Werdohl - Die Vollsperrung der Bundesstraße 229 auf dem Abschnitt der Neuenrader Straße zwischen VDM-Kreuzung und Haus Werdohl ist am Dienstag wieder aufgehoben worden.

Sie war nötig geworden, nachdem am Freitagabend während eines heftigen Regenschauers die Fahrbahn unterspült worden war. Mittlerweile kann der Verkehr an der beschädigten Stelle zumindest wieder einspurig vorbeifließen. 

Am Dienstagmorgen haben sich Vertreter der Stadt und des Landesbetriebs Straßen.NRW, darunter auch ein Geologe, die Straße genauer angeschaut. Die Ursache für die Beschädigung der wichtigen Verkehrsverbindung zwischen Werdohl und Neuenrade ist aber nach wie vor nicht ganz klar. Möglicherweise sei durch einen Rückstau im Abwasserkanal Wasser ausgetreten, dass dann die Fahrbahndecke unterspült habe, mutmaßte Martin Hempel, Chef der Tiefbauabteilung im Werdohler Rathaus. 

Ein Herscheider Spezialunternehmen wurde deshalb damit beauftragt, den Kanal zu untersuchen. Dabei seien in der Abwasserleitung dickere Steine und Sedimente gefunden worden, berichtete Andreas Berg, Sprecher von Straßen.NRW. Auch eine Verjüngung des Kanals von 300 auf 150 Millimeter sei entdeckt worden. Berg bezeichnete eine solche Konstruktion, bei der der Querschnitt des Abwasserrohrs kleiner werde, als „ungewöhnlich“. 

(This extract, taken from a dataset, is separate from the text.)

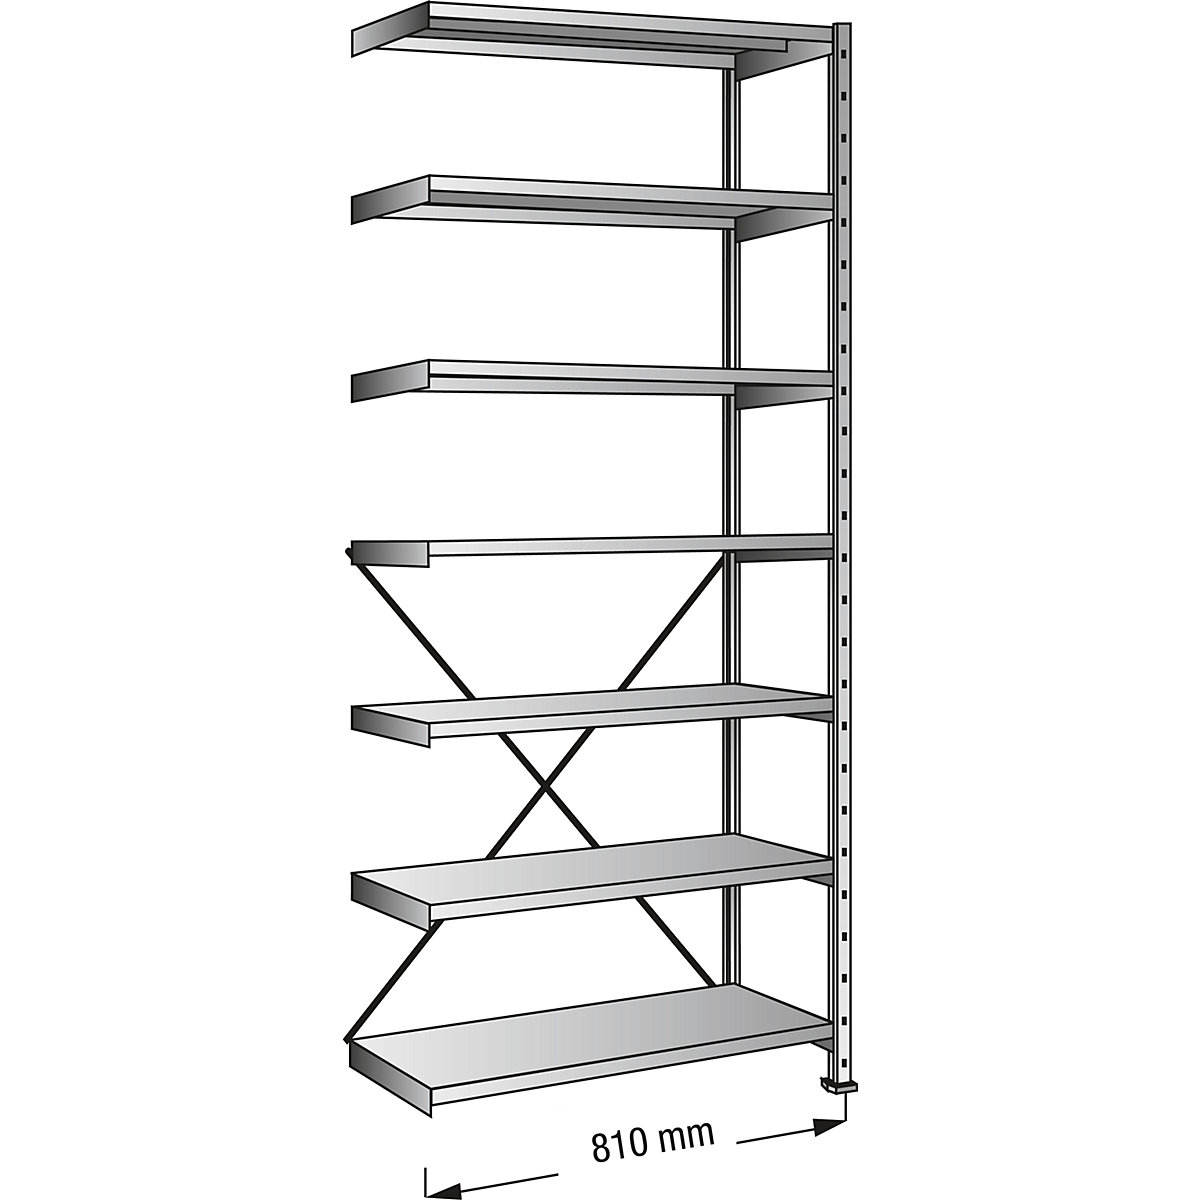 Boltless shelving unit, zinc plated, 7 shelves, height 2640 mm, shelf width 800 mm, depth 400 mm, extension shelf unit

Wasser wohl zwischen die Schichten gelaufen

Die Ursache für die Unterspülung war all das nach seiner Einschätzung aber nicht. Vielmehr geht Berg mittlerweile davon aus, dass Wasser zwischen die einzelnen Schichten des Straßenbelags gelaufen ist und den Asphalt angehoben hat. Deshalb soll der Asphalt jetzt auf einer Länge von 20 bis 30 Metern abgefräst, der Unterbau neu verdichtet und anschließend neuer Asphalt aufgebracht werden. 

Aufgrund der Kanaluntersuchung und der Bauarbeiten wurden am Dienstag Baustellenampeln auf der Neuenrader Straße aufgestellt. Damit konnte zumindest die Vollsperrung aufgehoben und der Verkehr einspurig an der beschädigten Stelle vorbeigeleitet werden. Das sei vor allem im Hinblick auf den Schwerlastverkehr erfolgt, für den dieser Abschnitt der Bundesstraße 229 praktisch die einzige Verbindung zwischen Werdohl und Neuenrade sei, sagt Martin Hempel von der Stadtverwaltung. 

Bis Ende nächster Woche, so schätzt Andreas Berg, könnte der Unwetterschaden behoben sein.